Department of Biochemistry, State University of Maringá, Av. Colombo 5790, Zip Code 87020-900 Maringá, PR, Brazil.
Food Chem. 2017 Oct 1;232:263-271. doi: 10.1016/j.foodchem.2017.04.014. Epub 2017 Apr 5.

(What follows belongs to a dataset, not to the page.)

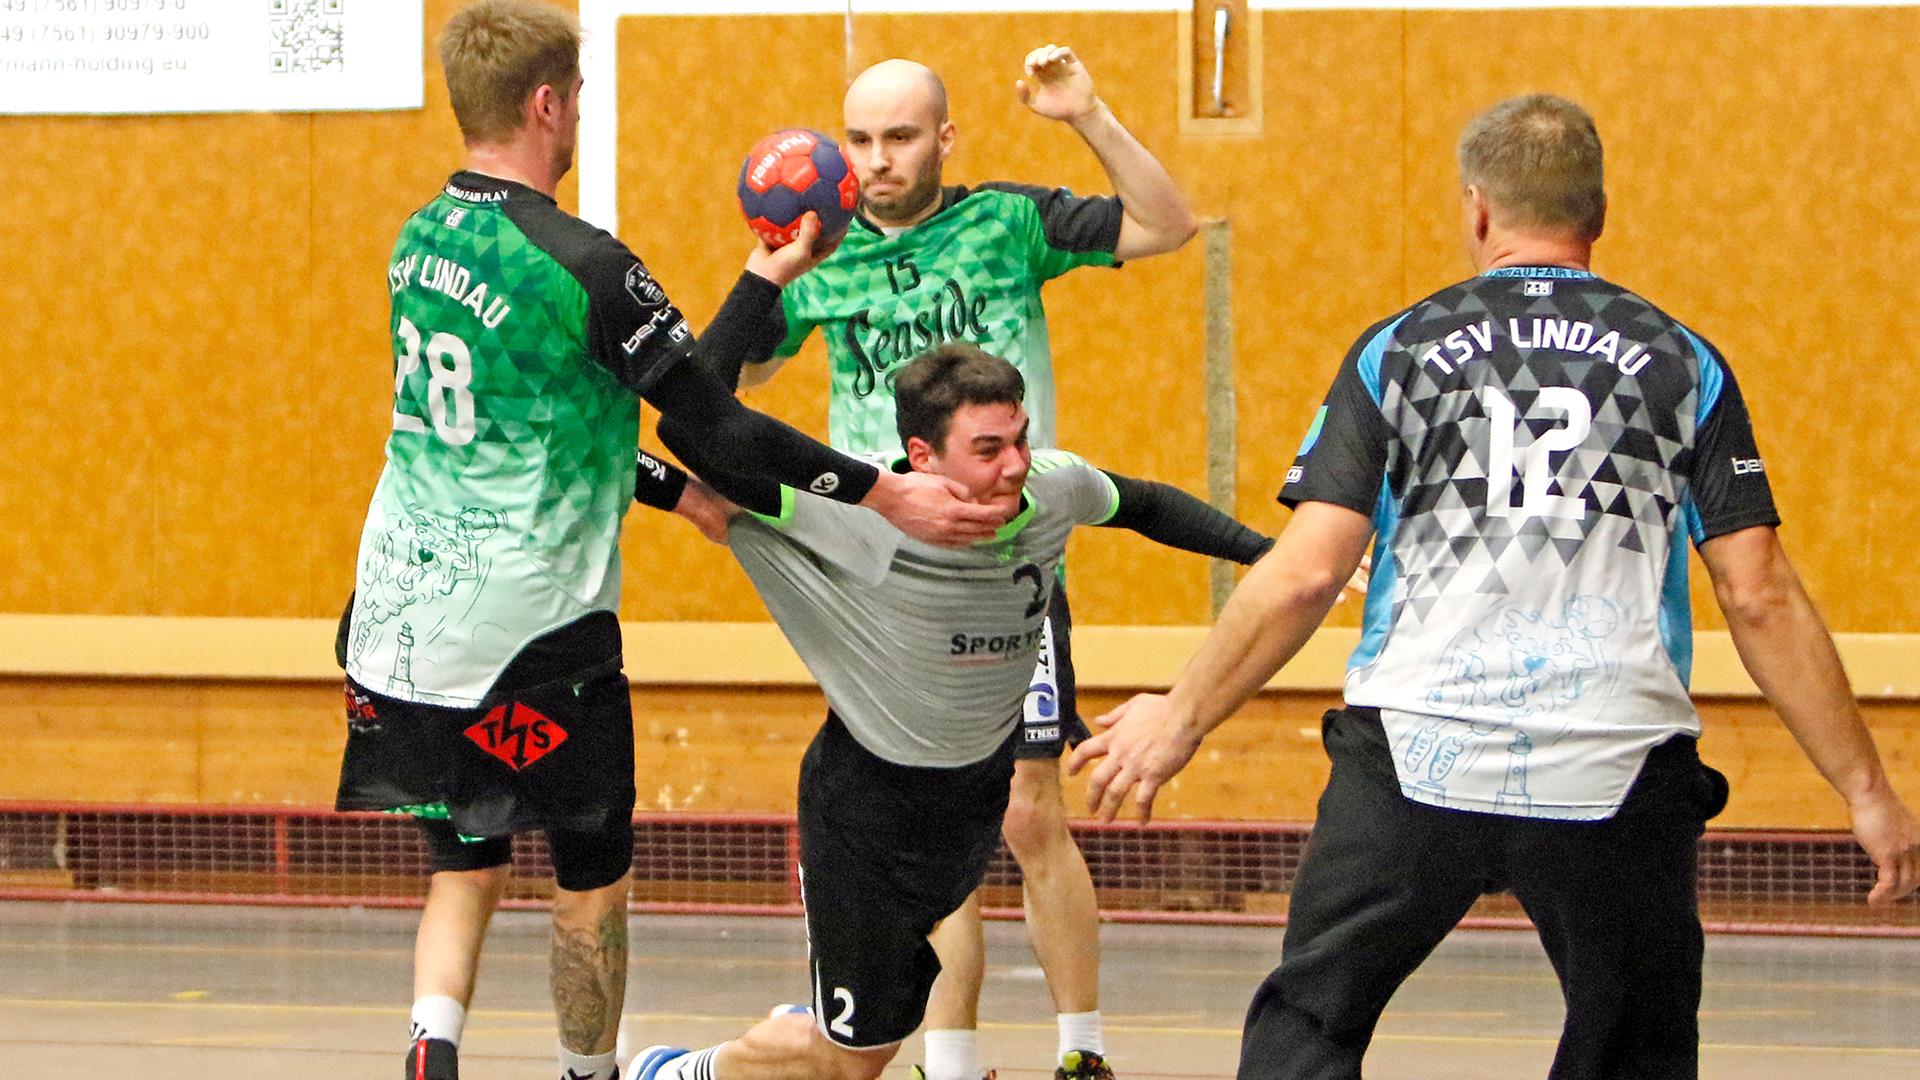 058Slider_Herren1_tsg_leutkirch_handball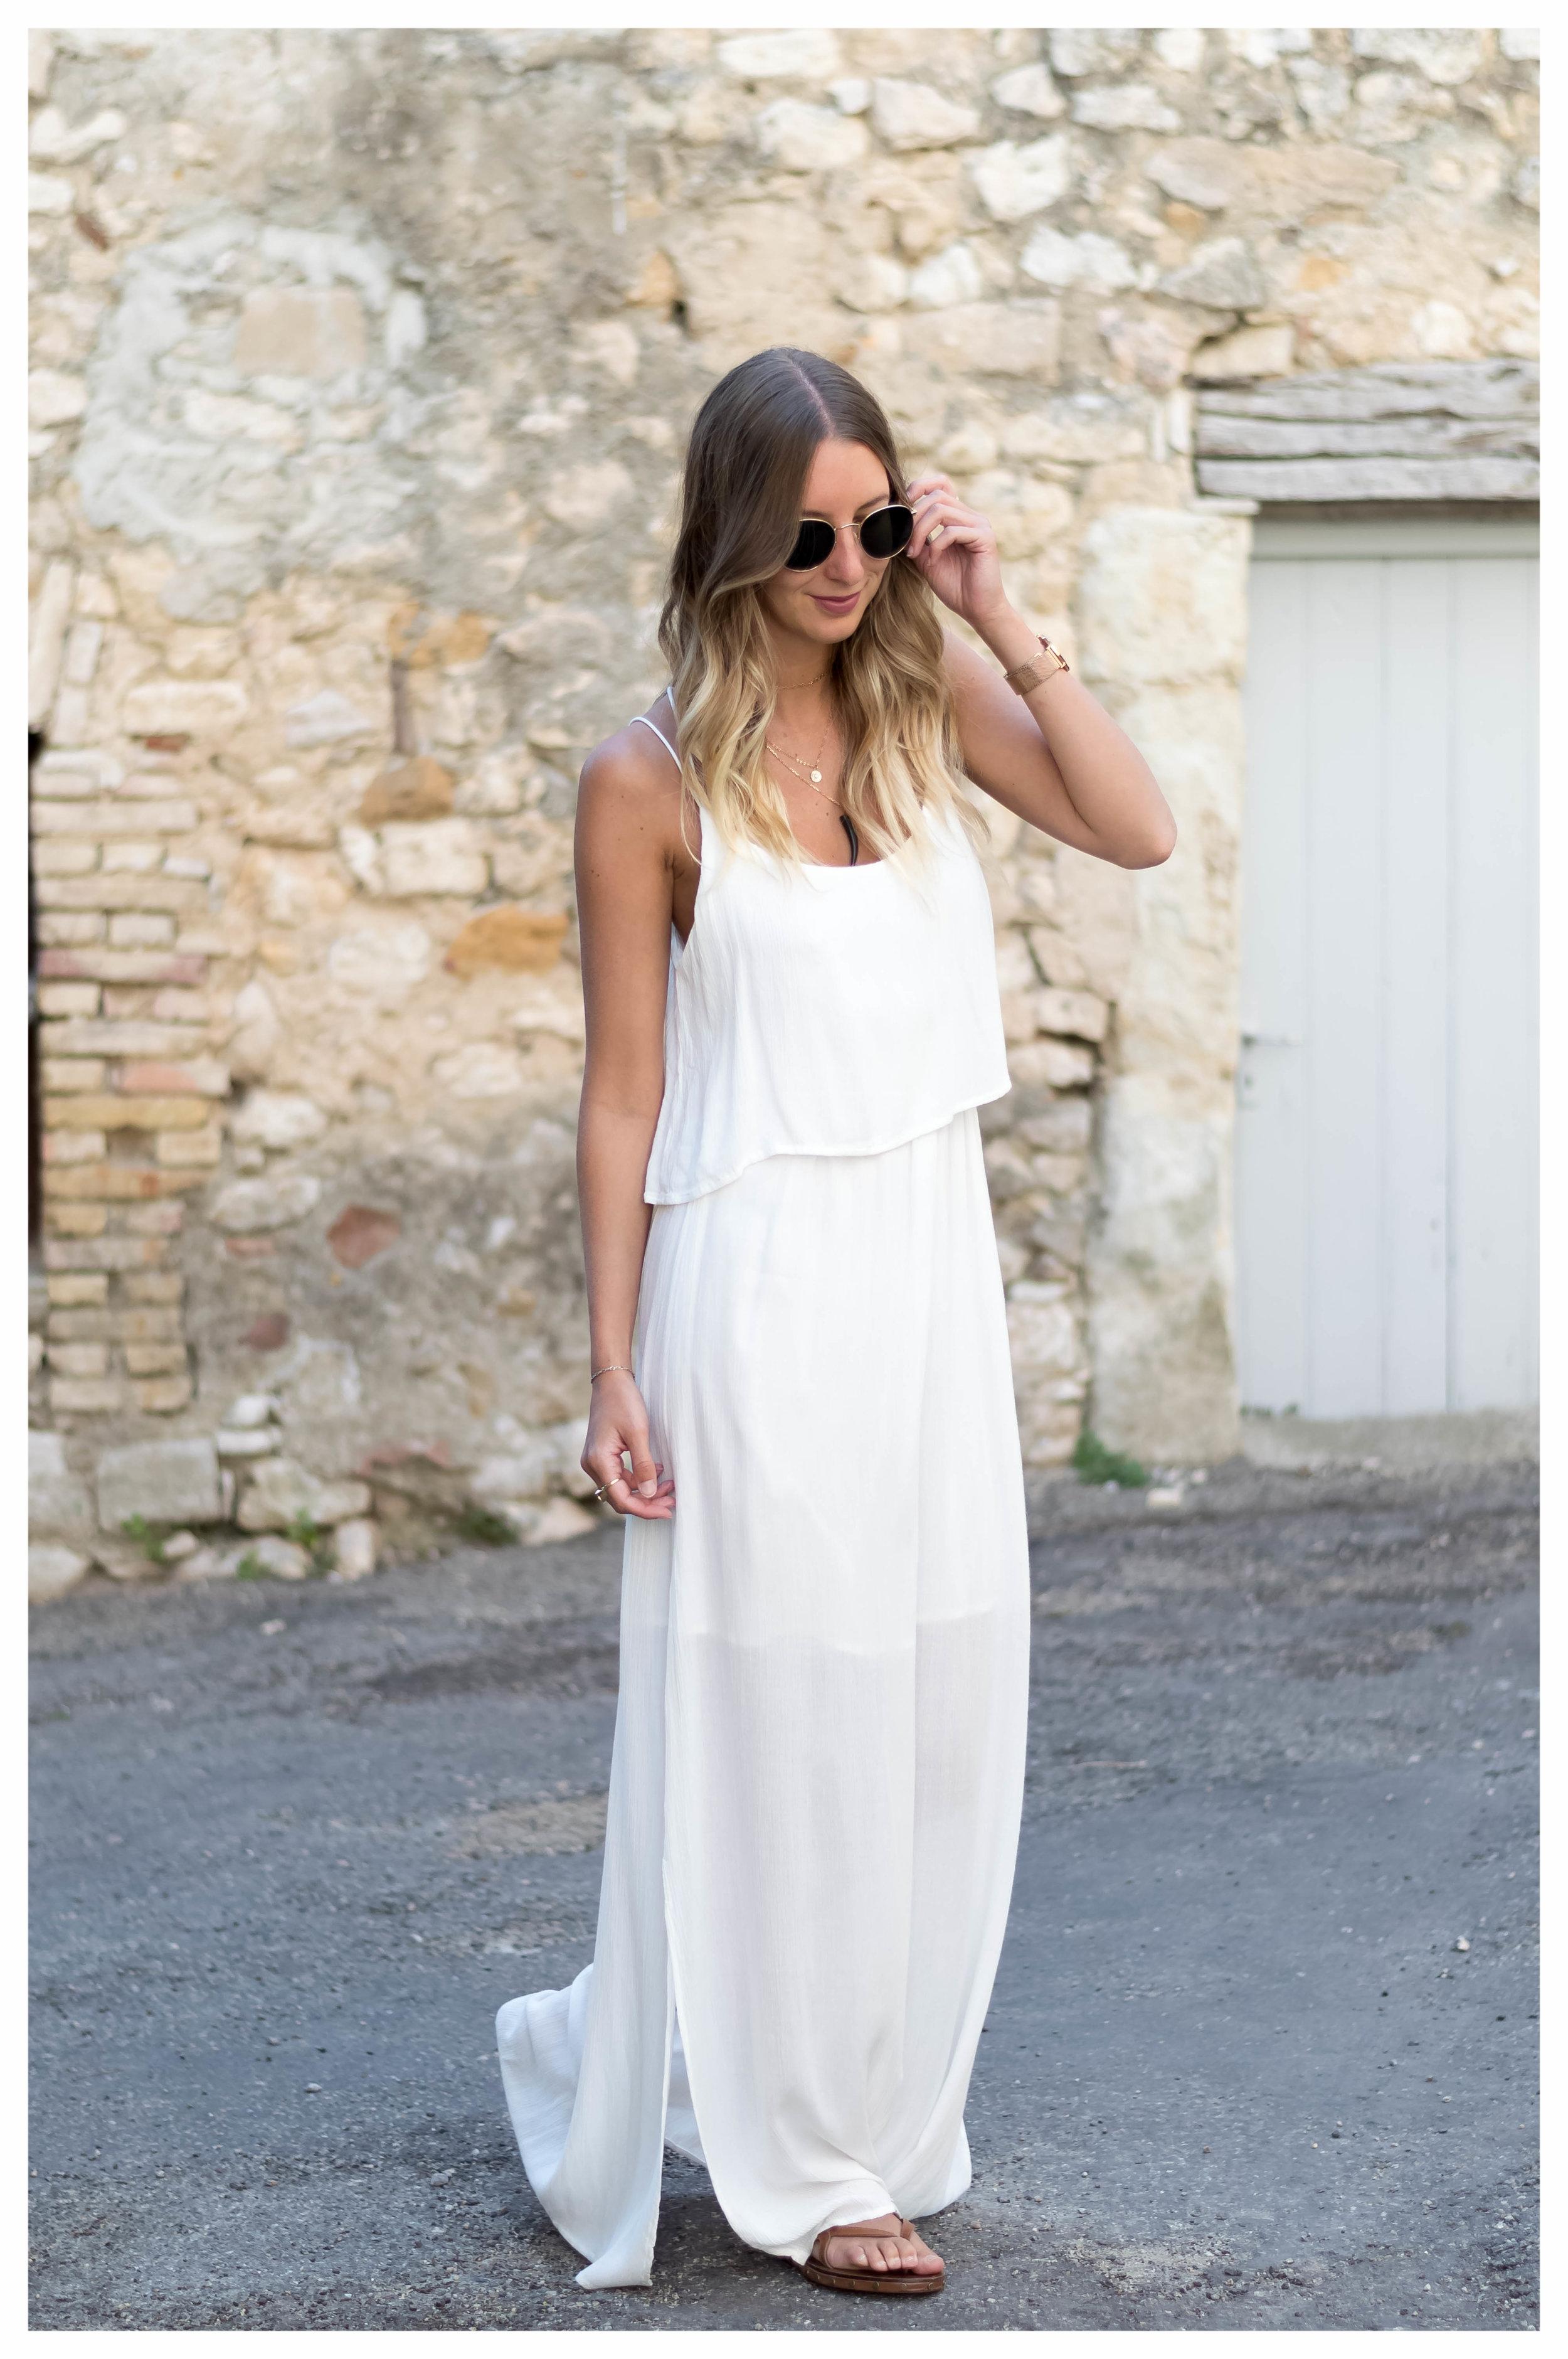 White Dress - OSIARAH.COM (4 sur 16).jpg

This work aimed to study the influence of pH (3.5 and 7.0) and CaCl and MgCl addition on heat-set gelation of a quinoa protein isolate at 10% and 15% (w/w). The protein isolate obtained was composed mainly of 11S globulin as was observed by electrophoresis and mass spectrometry analysis. Heat-set gelation occurred at both pH values studied. Nevertheless, the gels formed at pH 3.5 were more viscoelastic and denser than those formed at pH 7.0, that was coarser and presented syneresis. The CaCl and MgCl addition increased the gel strength during rheological analysis at pH 3.5, possibly due to the formation of fiber-like connections in the gel network. At pH 7.0, the divalent salts resulted in weaker gels formed by agglomerates, suggesting a neutralization of the protein surface charges. The differences in quinoa protein gelation were attributed to solubility, and the flexibility of proteins secondary structure at the pH studied.
本研究旨在探讨 pH 值(3.5 和 7.0)和添加 CaCl₂ 和 MgCl₂对在 10%和 15%(w/w)条件下热凝的藜麦蛋白分离物的影响。电泳和质谱分析表明,所得到的蛋白分离物主要由 11S 球蛋白组成。在两种研究的 pH 值下均发生了热凝。然而,在 pH 3.5 下形成的凝胶比在 pH 7.0 下形成的凝胶更具有粘弹性和密度,后者更粗糙并呈现出离浆现象。在 pH 3.5 时,添加 CaCl₂ 和 MgCl₂增加了凝胶的强度,这可能是由于在凝胶网络中形成了纤维状连接。在 pH 7.0 时,二价盐导致通过团聚体形成较弱的凝胶,表明蛋白质表面电荷被中和。藜麦蛋白凝胶形成的差异归因于在研究 pH 值下的蛋白质溶解度和二级结构的灵活性。